Mgr Sako: L’Eglise était dans l’ombre sous l’ancien régime – beaucoup trop ! – mais aujourd’hui, elle doit se profiler, trouver une voix claire, forte, prophétique. Elle est l’unique institution dans le pays qui soit désintéressée; elle n’a pas d’intérêt politique, n’a pas l’ambition d’établir un Etat chrétien en Irak.

Il faut le dire: notre pays est occupé d’un côté, mais de l’autre, nous avons un gouvernement provisoire. A l’intérieur, les Irakiens ont beaucoup de liberté, et c’est beaucoup mieux qu’auparavant, on peut manifester, critiquer. Par contre, c’est vrai, la sécurité personnelle manque, car la police irakienne est encore trop faible. De toute façon, on est beaucoup mieux protégés par les Irakiens que par les Américains.
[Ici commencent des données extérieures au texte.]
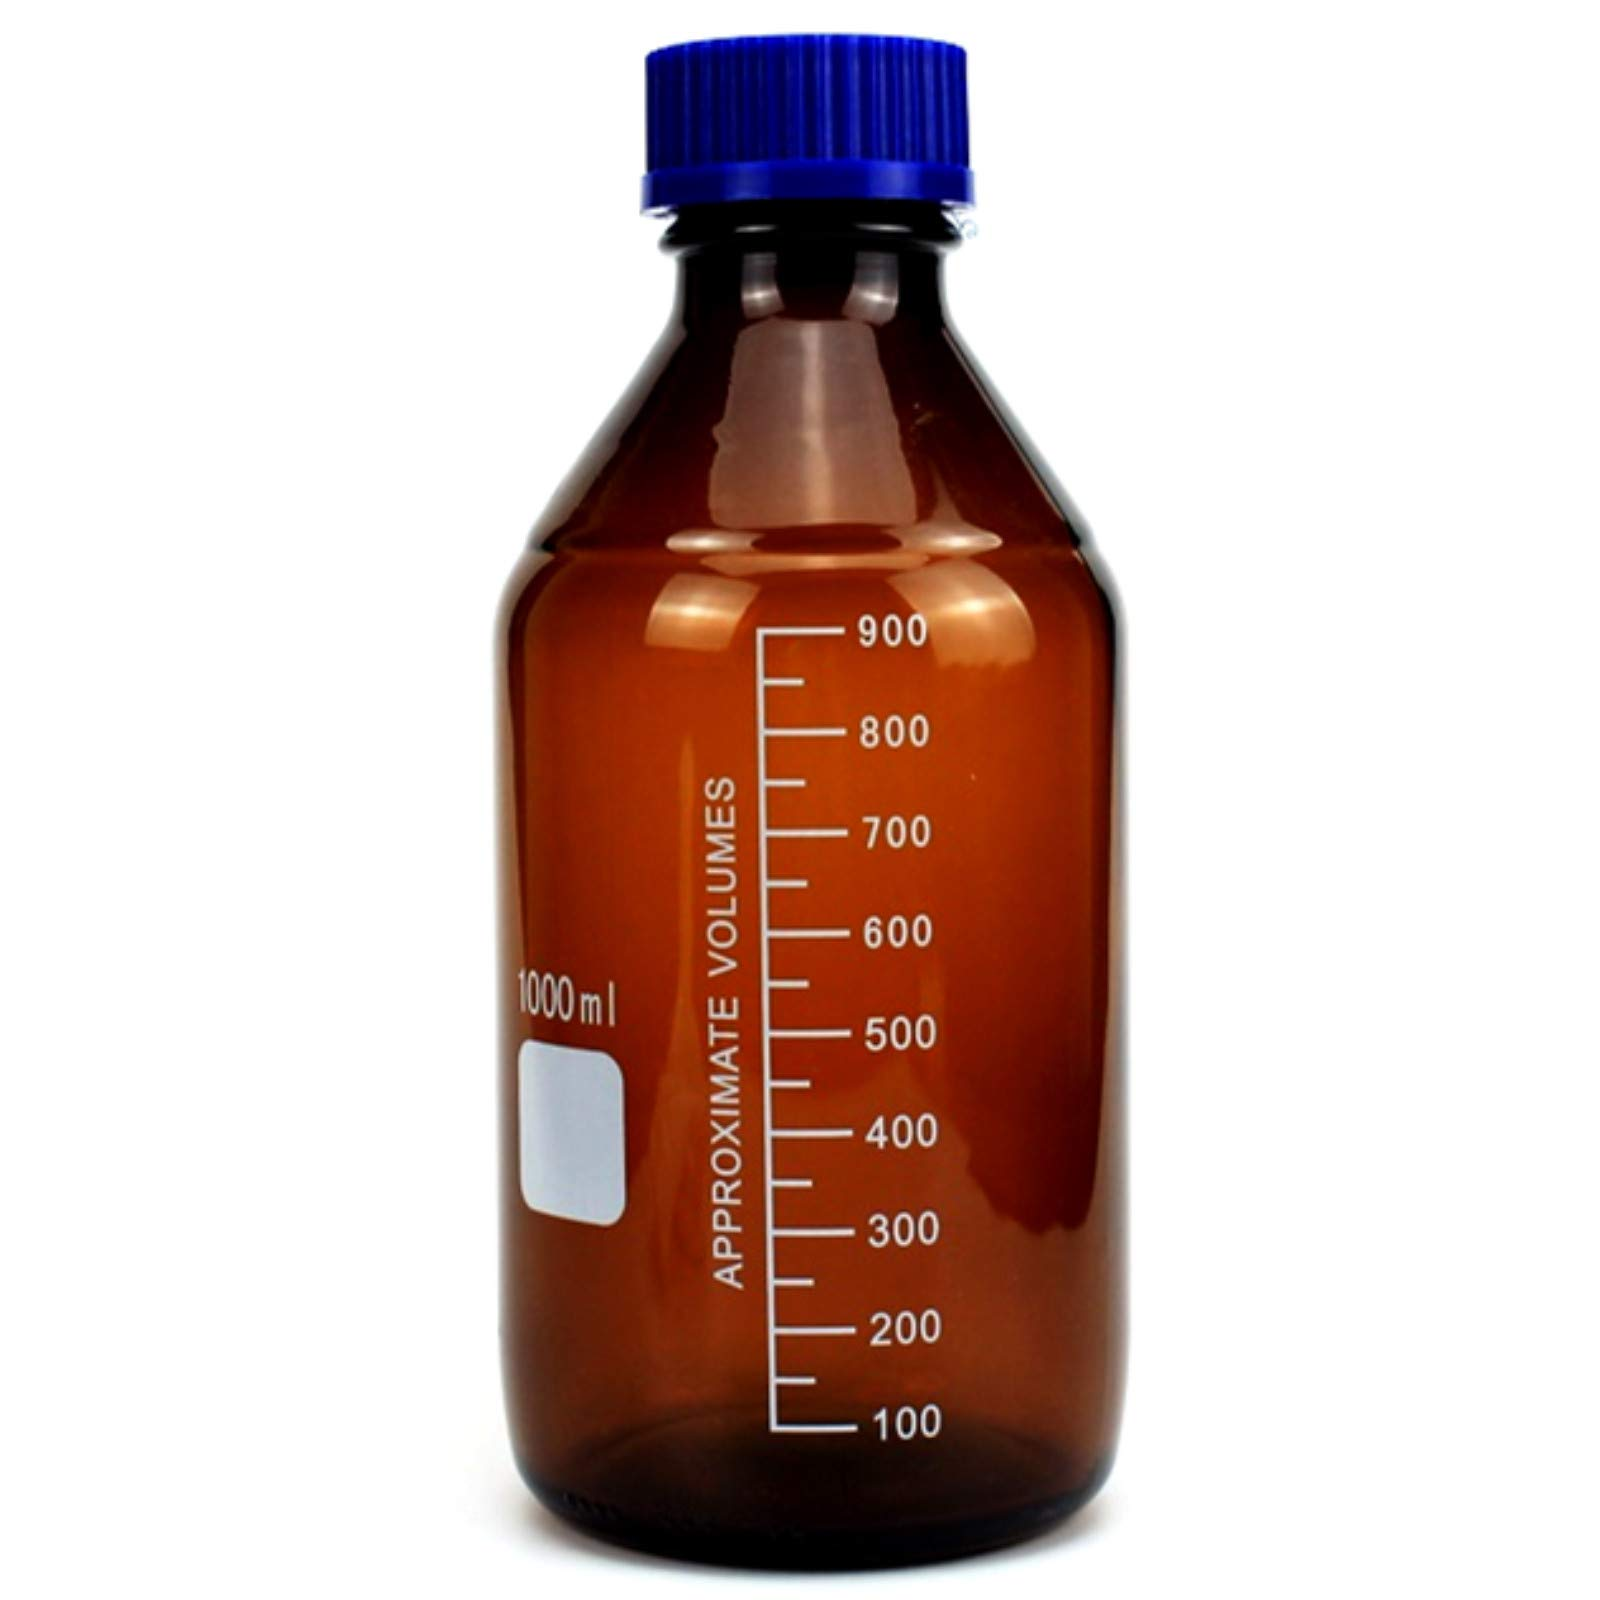 Deschem 1000ml,Lab Glass Amber Reagent Bottle,Screw Cap Lid,1Litre Brown Flask by Deschem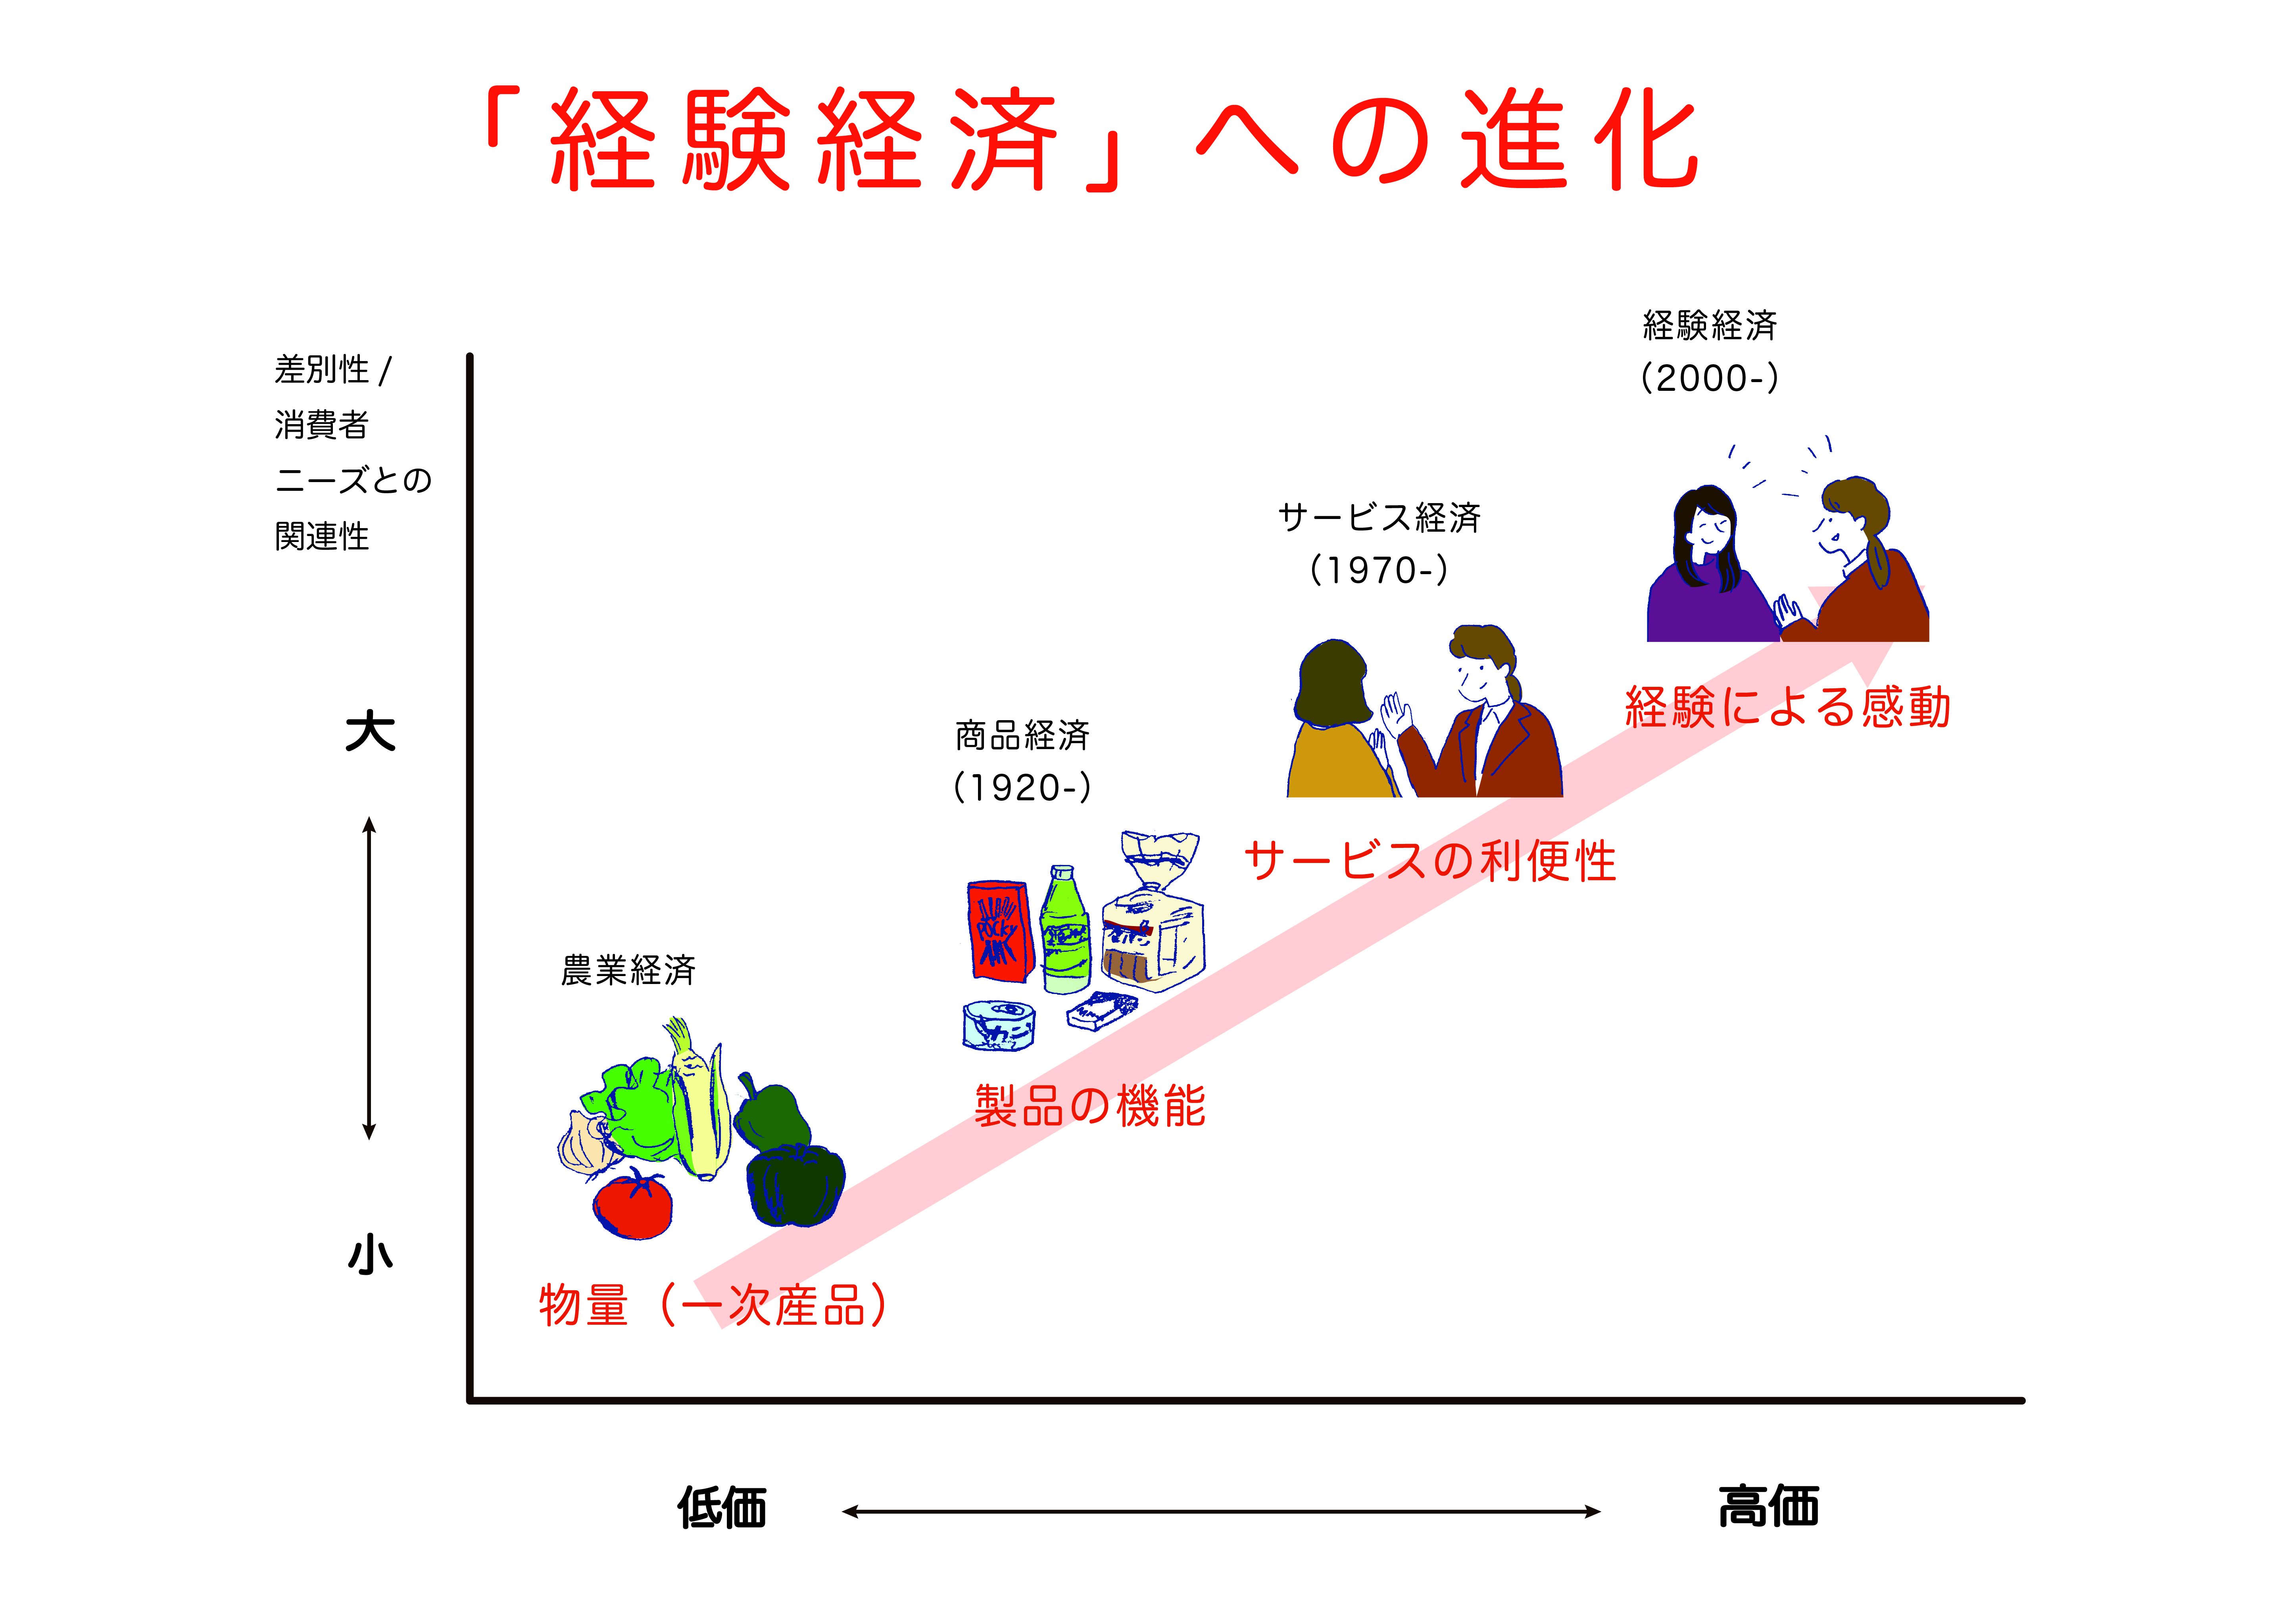 %e5%90%8d%e7%a7%b0%e6%9c%aa%e8%a8%ad%e5%ae%9a-1-02

Dans ce contexte, par leur formation scientifique, morale et leur esprit de tolérance, les chrétiens forment une élite indispensable pour l’équilibre de la région. La minorité chrétienne est un élément crucial de la culture du dialogue et de la réconciliation pour l’Irak de demain. Certainement, il y a dans le projet des extrémistes engagés dans la déstabilisation de l’Irak – dont beaucoup ne sont pas des Irakiens -, la volonté de faire abandonner le pays aux chrétiens. Mais dans un ou deux ans, la situation sera stabilisée, j’en suis convaincu. JB

Encadré

Biographie de Mgr Louis Sako

Agé de 56 ans, Mgr Louis Sako, né le 4 juillet 1948 à Mossoul, dans le Nord de l’Irak, a été ordonné prêtre en 1974. Jusqu’en automne 2003 curé de la paroisse Notre-Dame du Perpétuel Secours à Mossoul, après avoir été recteur du séminaire patriarcal de Bagdad, il est désormais archevêque chaldéen de Kirkouk. Diplômé à Rome et à la Sorbonne à Paris (histoire du christianisme ancien), Mgr Sako est un spécialiste de l’islam.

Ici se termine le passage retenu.